So I was sitting in Terminal C of George Bush Intercontinental Airport and eating on some Nachos and Tacos while watching the first game of the Monday night doubleheader when the game was about over. I decided to get up and roam around the terminal a bit to see where I could go. Unfortunately, it was at this time that I realized I had forgotten to talk to one of our floorwalkers we had at work earlier that day about the location of the 'employee' area. Come to find out later it was in Terminal E (the International terminal). Go figure.

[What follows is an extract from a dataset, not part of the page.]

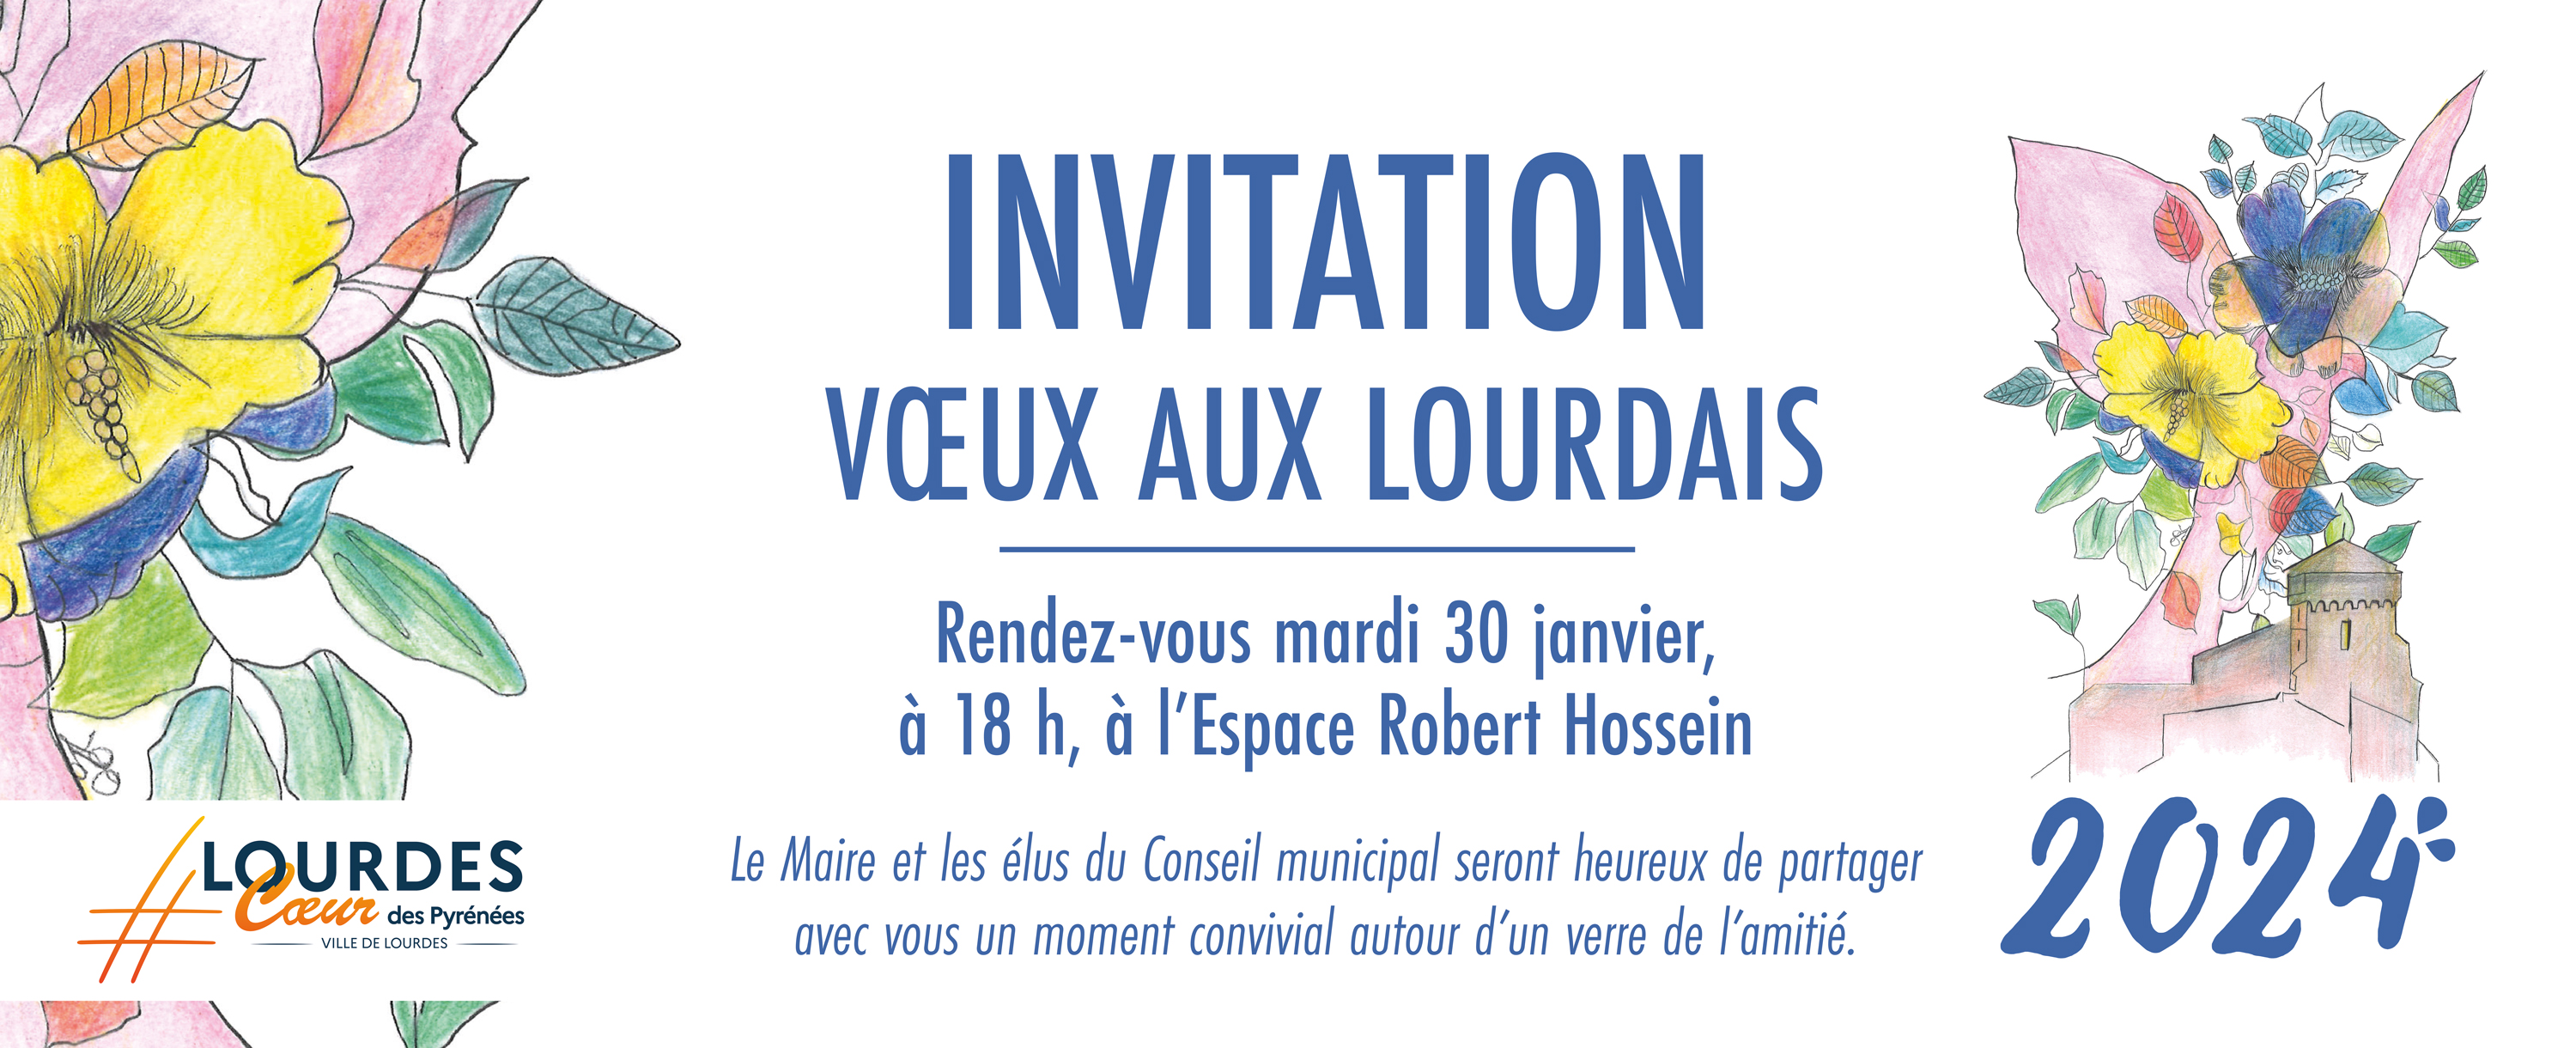 Invitation voeux aux lourdais 2024

I must say I was quite intimidated walking through Terminal C and my first goal was to find out where my flight in the morning was going to board. Unfortunately, I couldn't find out until later that morning. In that case, I instead roamed around looking for the Chapel as I was told it was a popular place for employees to sleep. After having asked around, I found it only to find out it was a lot smaller than I thought (my first time in an airport chapel) and there was a sign on the wall distinctly saying that there was to be no sleeping in the chapel (especially geared towards employees and travelers…go figure again). In that case, I walked around the terminal a bit and then decided to again roam the terminals and see if I could find a quiet place and sleep.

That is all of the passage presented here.